> Information provided
—————

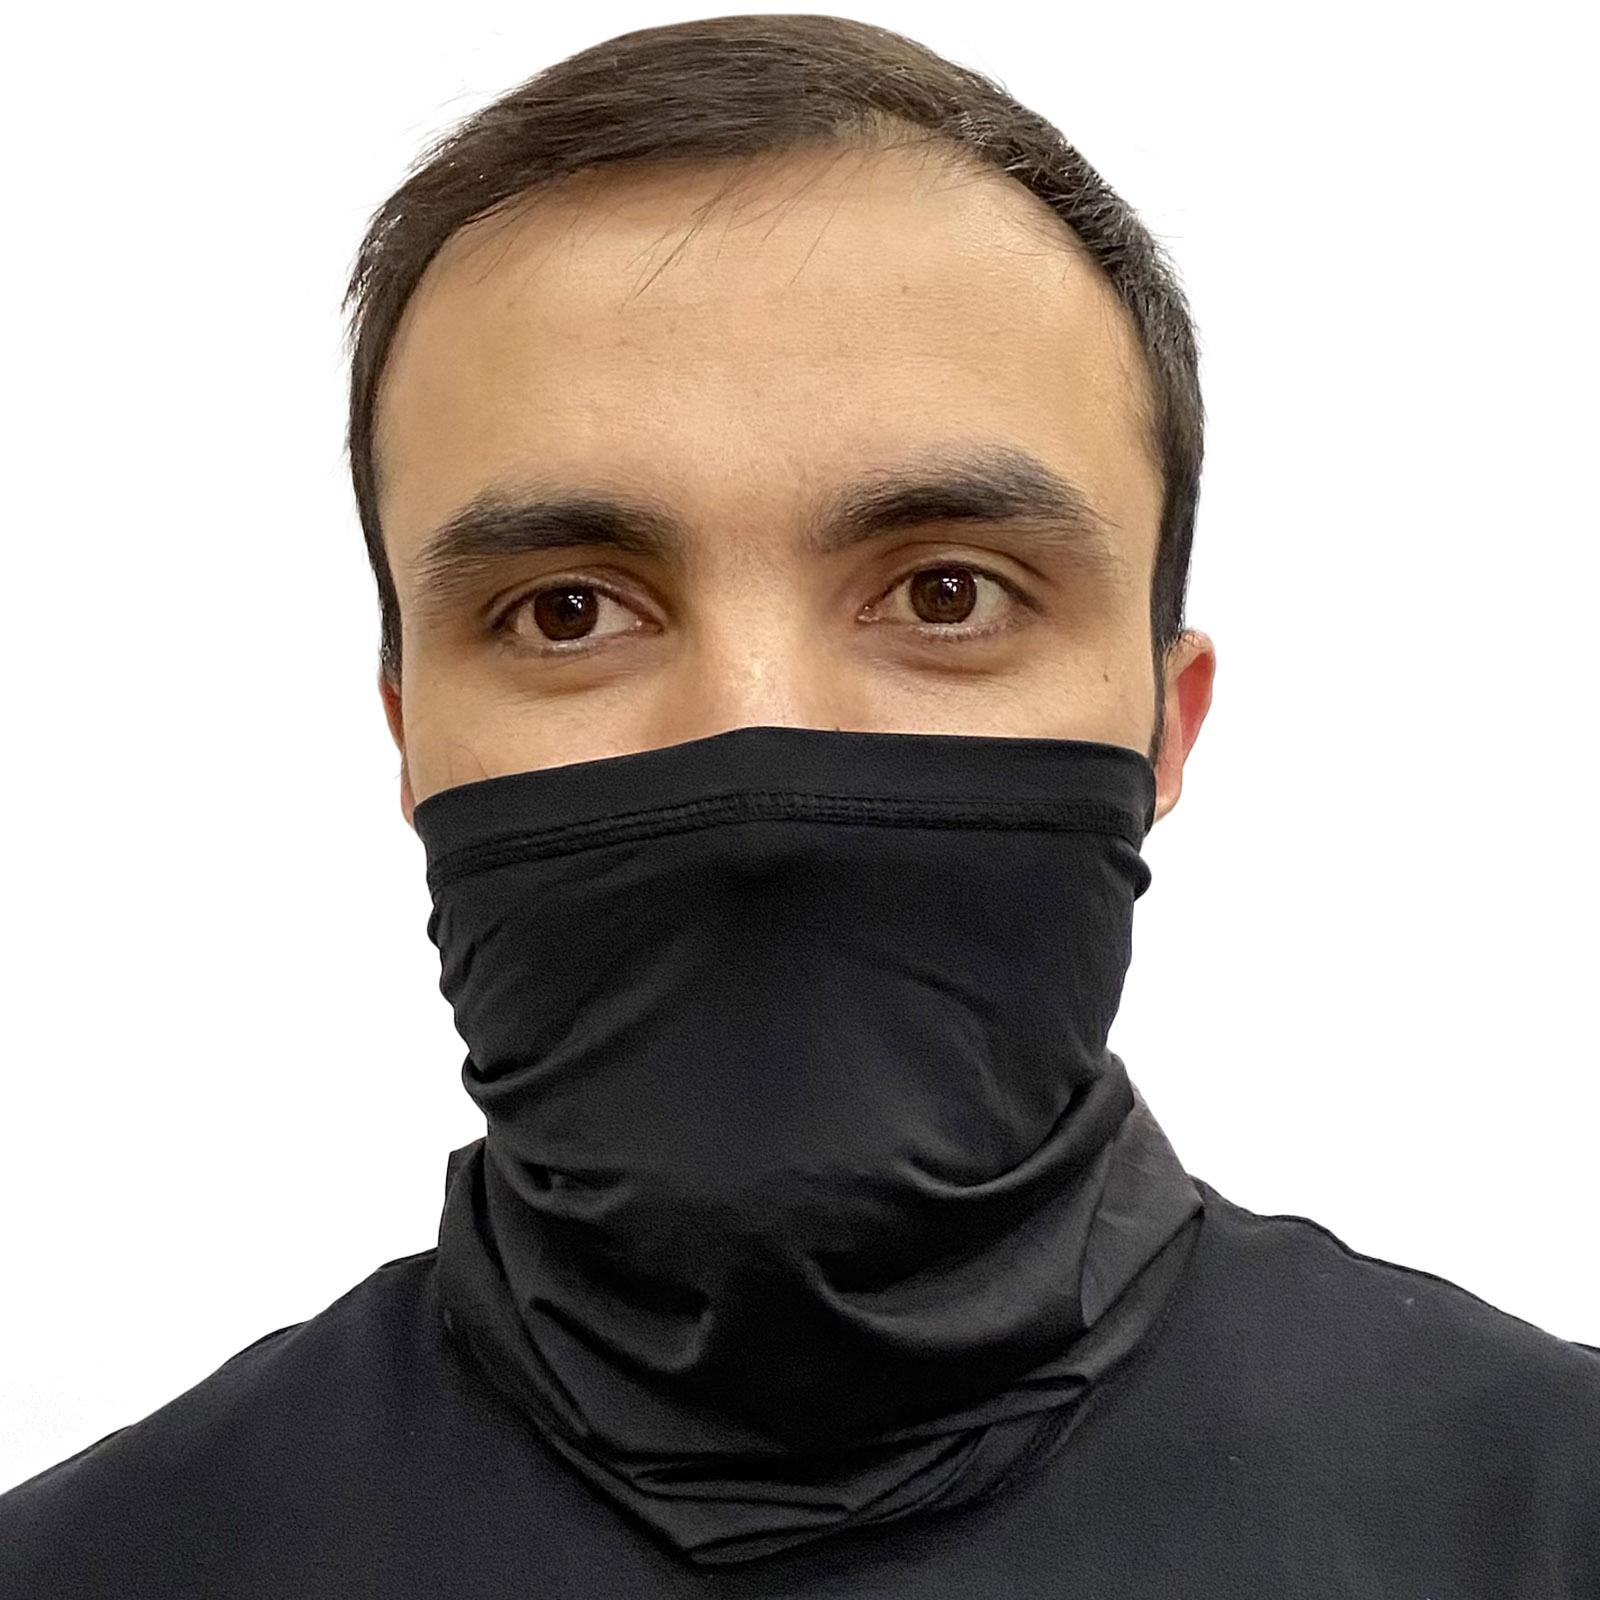 Заказать онлайн маску бафф для лица
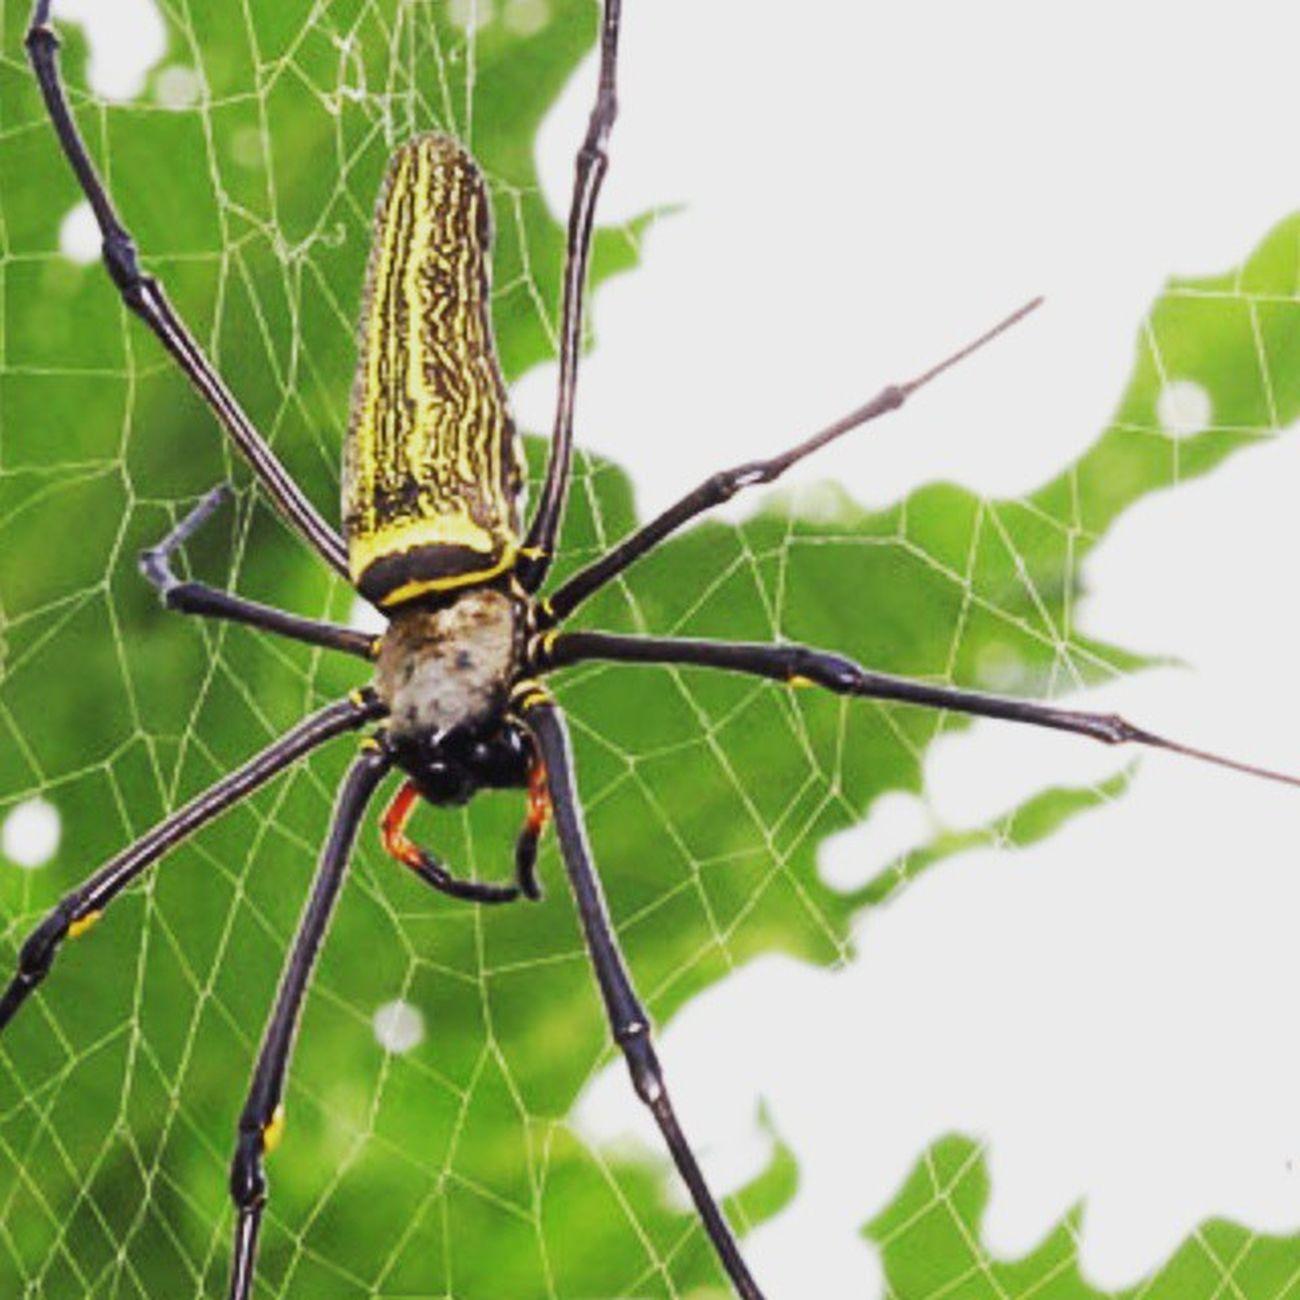 Lancah maung part 2. Spider Spiderworld Ig_spiders Ig_spider labalaba lancahmaung lancah
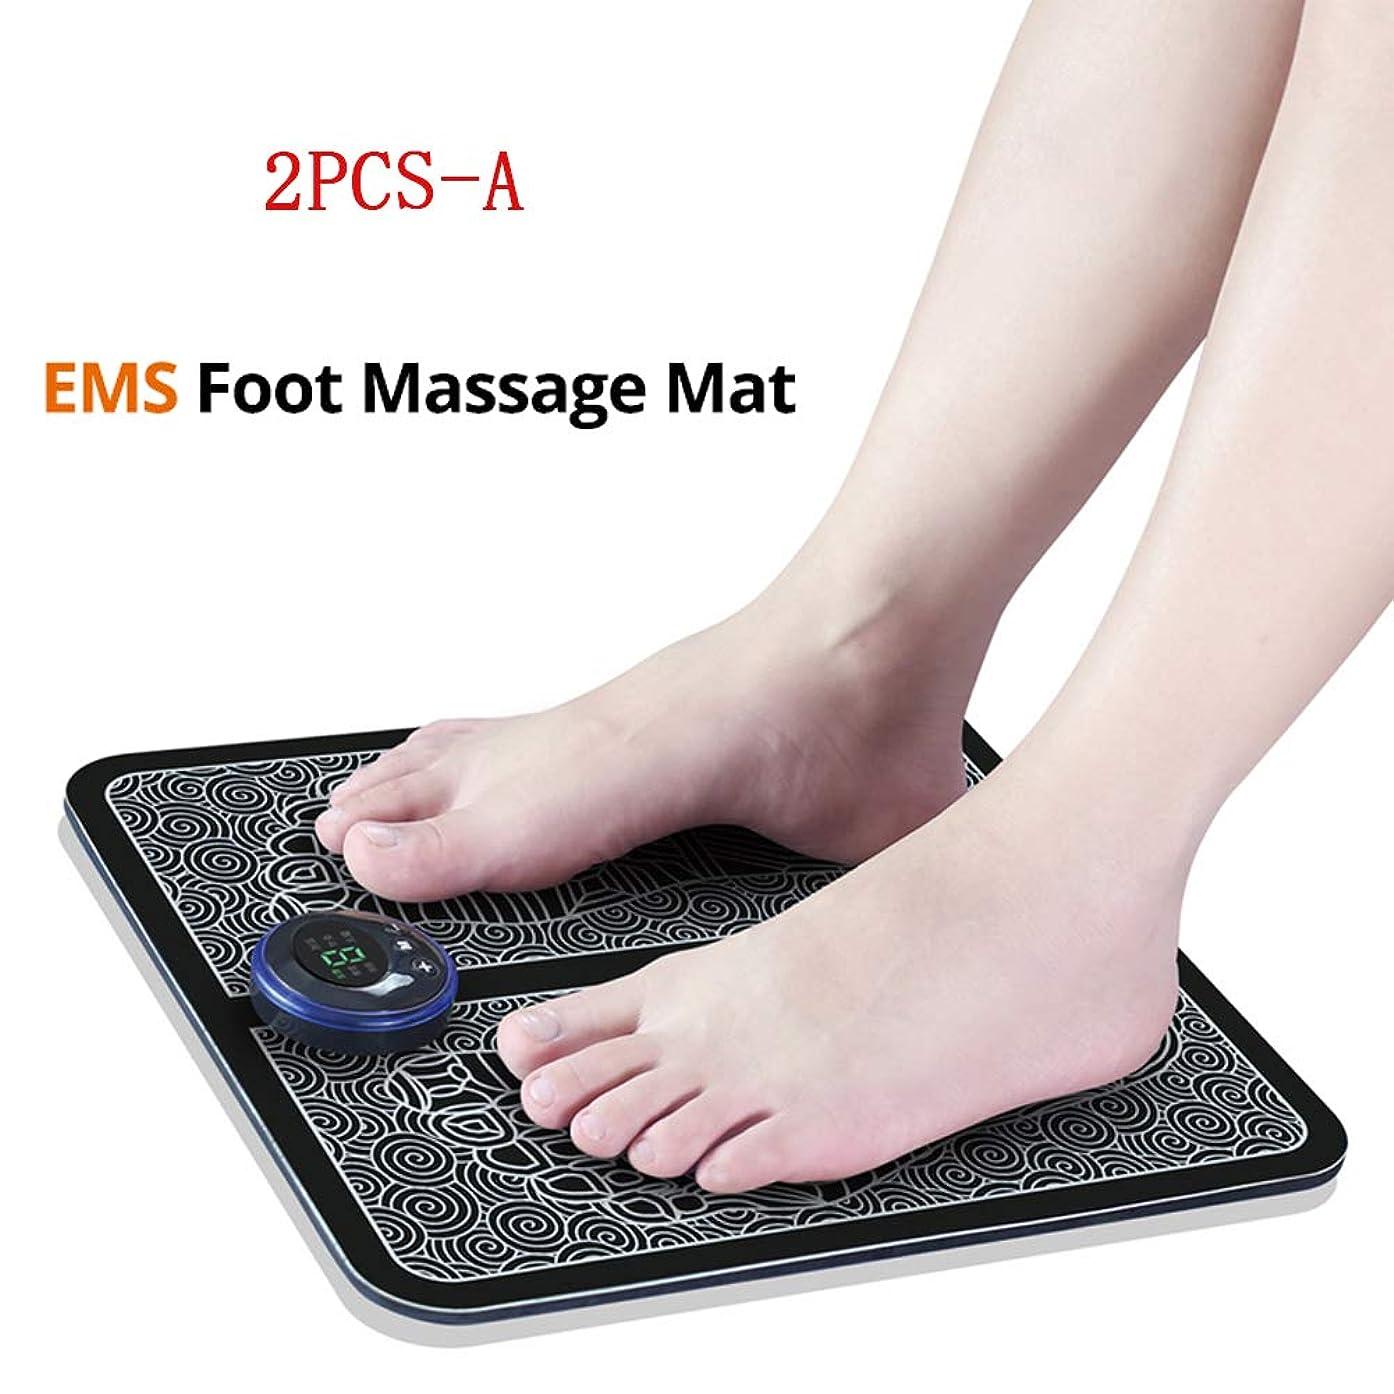 十代シーン待つEMSスマートフットマッサージパッド、フットマッサージャー、足指圧療法、血液循環の促進、筋肉痛の緩和、男性と女性用、2個,A

—————

> Work required
All of the data above needs to be retyped exactly, with the pictures removed.

> Written answer
 Заказать онлайн маску бафф для лица
 Lancah maung part 2. Spider Spiderworld Ig_spiders Ig_spider labalaba lancahmaung lancah
 十代シーン待つEMSスマートフットマッサージパッド、フットマッサージャー、足指圧療法、血液循環の促進、筋肉痛の緩和、男性と女性用、2個,A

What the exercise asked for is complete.